The df test data generated earlier can be used to demonstrate phe_mean:
INPUT: The phe_mean function take a single data frame as input with a column representing the numbers to be averaged.
OUTPUT: By default, the function outputs one row per grouping set containing the grouping variable values (if applicable), the mean, the lower 95% confidence limit, the upper 95% confidence limit, the confidence level, the statistic name and the method.
OPTIONS: The function also accepts additional arguments to specify the level of confidence and a reduced level of detail to be output.

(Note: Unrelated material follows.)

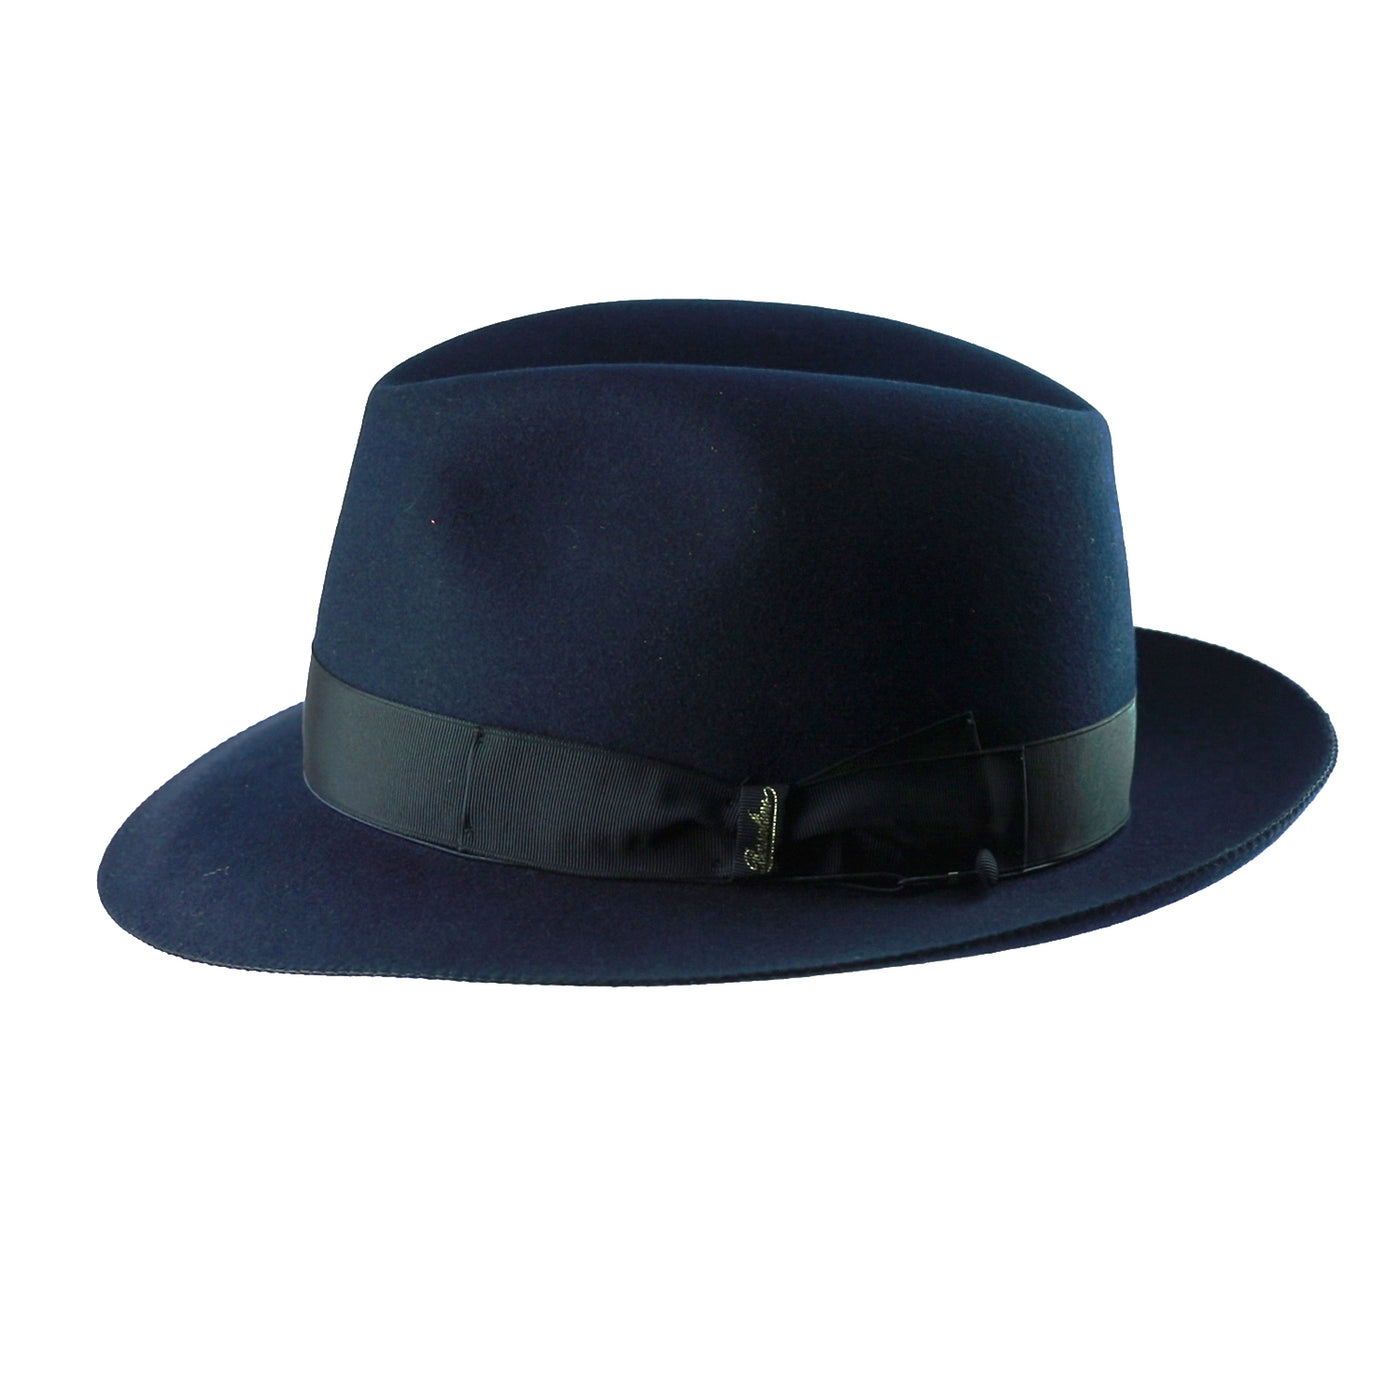 Astuccio 238 - Royal Blue, product_type] - Borsalino for Atica fedora hat

Here are some example code chunks to demonstrate the phe_mean function and the arguments that can optionally be specified
# default mean
phe_mean(df,obs)
#> value_sum value_count stdev value lowercl uppercl confidence statistic
#> 1 510 8 32.82747 63.75 36.30555 91.19445 95% mean
#> method
#> 1 Student's t-distribution
# multiple means in a single execution with 99.8% confidence
df %>%
group_by(year) %>%
phe_mean(obs, confidence=0.998)
#> # A tibble: 2 × 10
#> # Groups: year [2]
#> year value_sum value_count stdev value lowercl uppercl confi…¹ stati…² method
#> <int> <int> <int> <dbl> <dbl> <dbl> <dbl> <chr> <chr> <chr>
#> 1 2015 235 4 36.5 58.8 -128. 245. 99.8% mean Stude…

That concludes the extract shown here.